At SignifAI, we are combining different approaches. First, we are using multiple outlier algorithms which helps us detect a variety of anomaly conditions. DBSCANHampel FilterHolt-Winters and ARIMA (X, SA) to name a few. Those are being used mostly on metric data, but also help us in smooth hard streams before pushing them into the next anomaly tier. Other types of methods SignifAI uses are mostly based on Supported Vectors Machines (or SVM) type algorithms, as well as Bayesian and Probabilistic modeling.

Bayesian modeling is a way of calculating the likelihood of some observation, given the data you’ve already seen. It allows you to declare your statistical beliefs about what your data should look like before you look at the data. These beliefs are known as ‘priors’. You can declare one for each of the parameters you’re interested in estimating. Bayesian modeling looks at these priors and the observed data, and calculates a distribution for each of those parameters. These are known as ‘posterior distributions’. Part of the benefit of probabilistic programming, relative to comparable Bayesian modeling in the past, is that you don’t need to know anything about how that calculation happens. There are many advantages in working with these models but for us the most important one is that we get a way to encode the expert knowledge about the data into the model and provide context. This is very important for an SRE because as an expert you can know that there is no chance at all of certain observations. The other statistical advantage is that there are no limitations on which distributions can be used to model the use case.

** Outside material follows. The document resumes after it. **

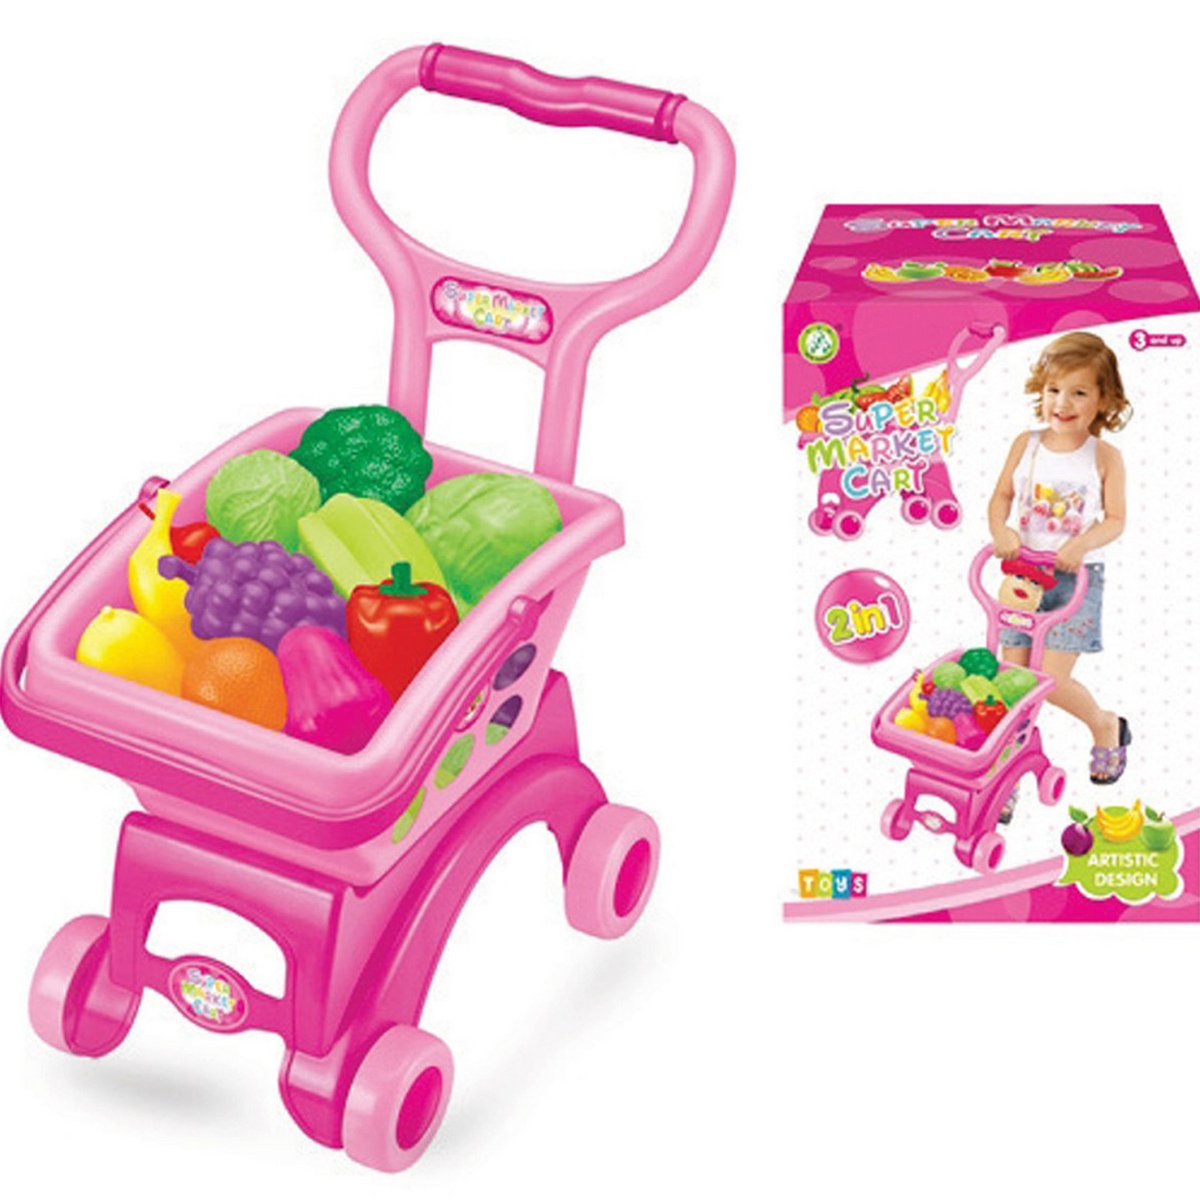 Fabiola Mini Shopping Cart Set NF595-18

Supervised anomaly detection

In this type of anomaly detection you train the machine to spot anomalies by feeding it two sets of data. The first set of data tells the machine what sort of behavior is “good.” The second data set tells the machine what sort of behavior should be considered “bad.” If we revisit the previous example, with supervised anomaly detection, the machine has clear instructions on how determine what an outlier is. For example, the labeled data set might include the acceptable utilization percentages at any given minute during the year to account for seasonal load.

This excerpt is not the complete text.